Hi my name is Kris and I'm new here, this is my 1st post actually. I'm fairly handy but am by no means a handyman. My wife wants to open up 2 rooms in the basement with a window size opening. I don't believe the wall is a load bearing wall since most of the houses in my community didn't have finished basements with seperated wall and think the previous owner just put the walls as they finished the basement. I got a stud finder and have located the 2x4's in the walls. I was going to cut through the sheet rock to see exactly whats behind the wall which i believe is nothing except for one electrical outlet which i don't see as being a problem as I can always reroute that or just get rid of it and put a closed box inside the wall.

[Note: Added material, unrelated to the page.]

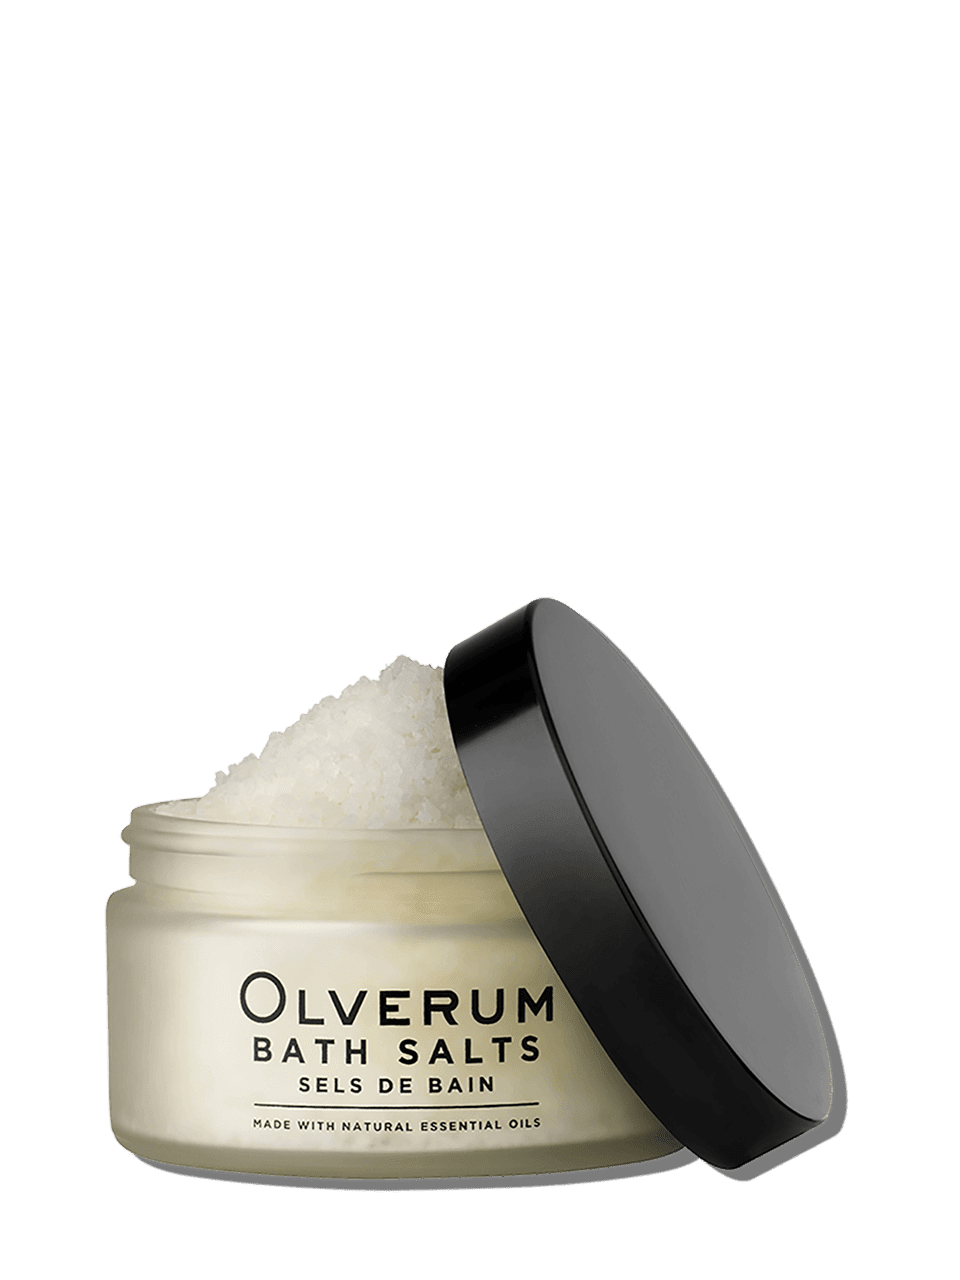 Bath Salts LIFESTYLE Olverum 
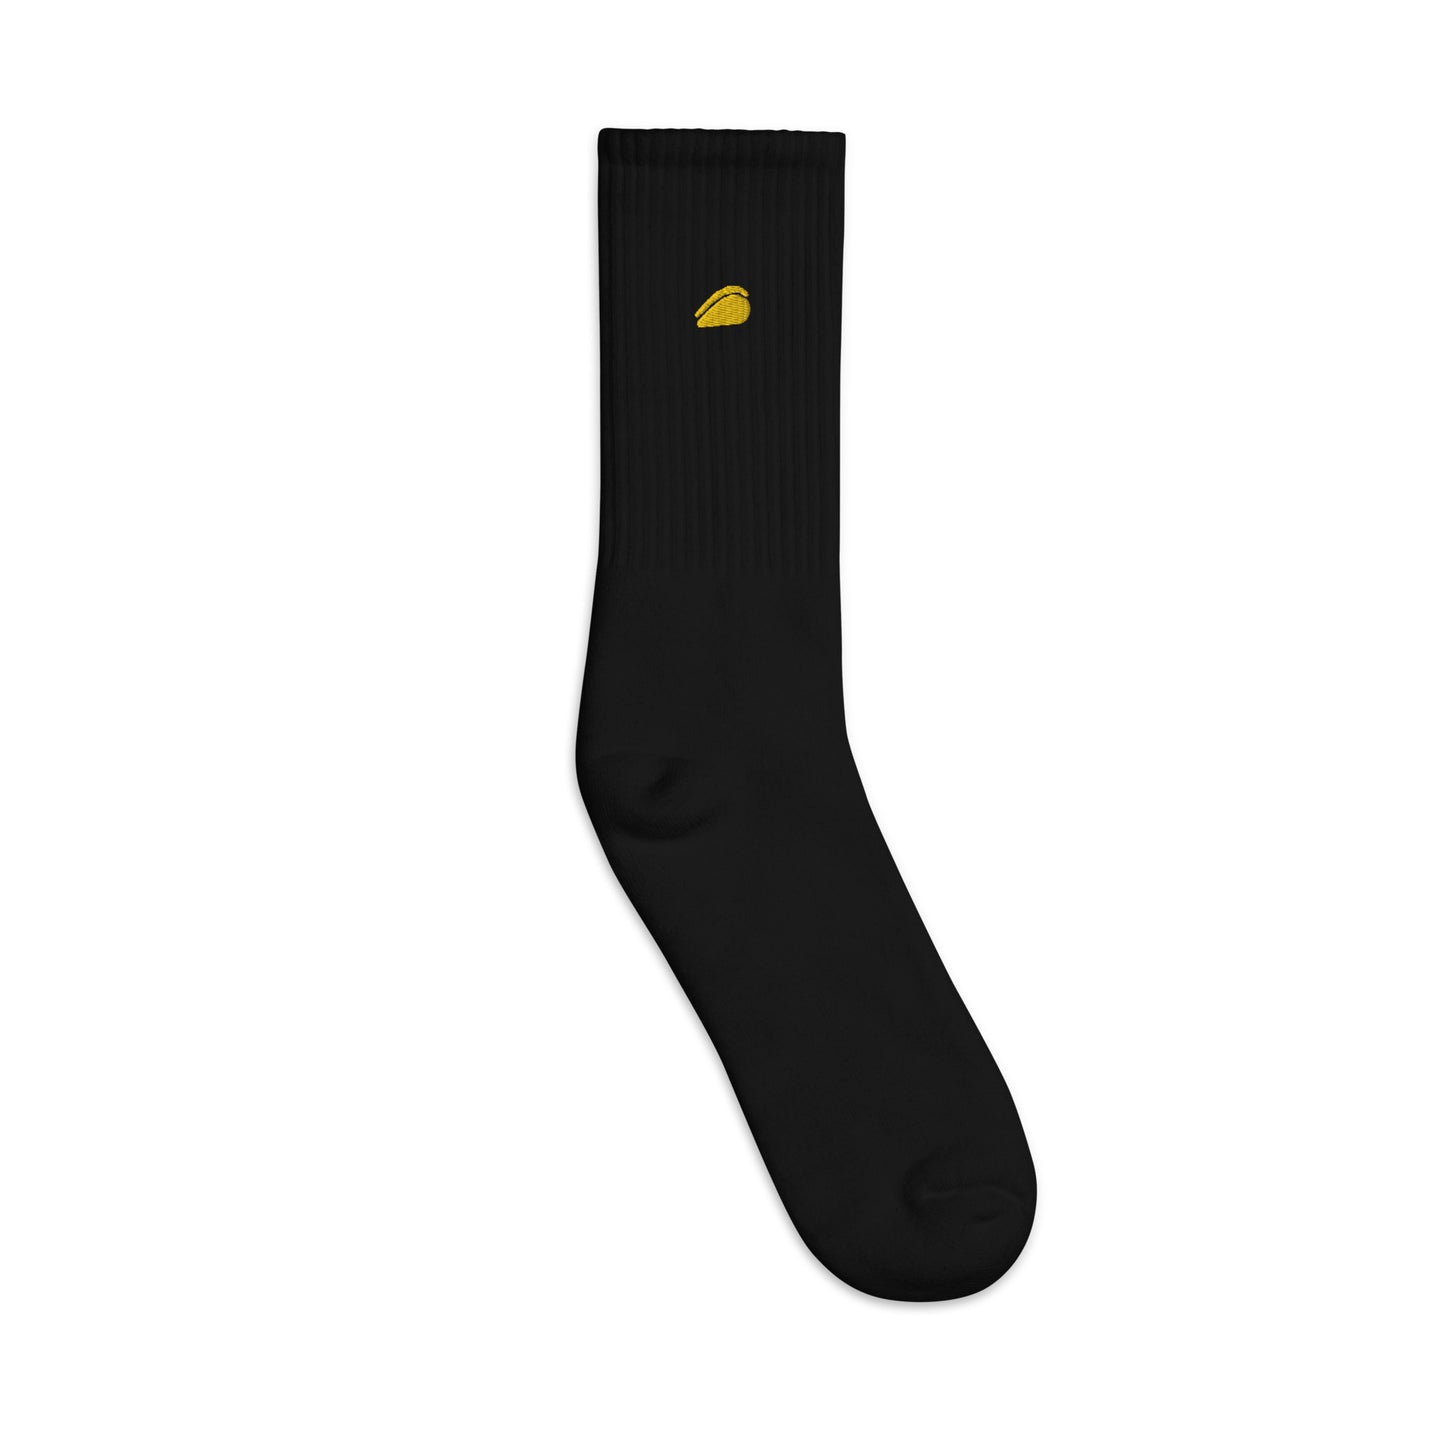 AppSumo - Embroidered socks

I got a reciprocating saw for the 2x4's. Do I need to do any kind of framing work for my opening? I'm kinda clueless after I make my opening. What kind of materials should I use to finish the opening? Would I be better with a wooden frame or should I use sheetrock for the finish? Sorry but I don't know what would be best and havent had much luck searching online for answers. If anyone has anything to chime in here I would appreciate it a lot. Thank you all in advance and please :help:


----------



## inspectorD (Jan 12, 2010)

Well you came to the right place. There are plenty of folks here who gave advice in the past, just search finished basements with the search button at the top of the page.
Here is one http://www.houserepairtalk.com/f45/finishing-my-basement-3989/

Read up, and ask again. Your project sounds like it is very possible, usually you have beams in the basement, but some walls do hold weight. I would remove an entire sheet, and see what is behind the wallboard.


----------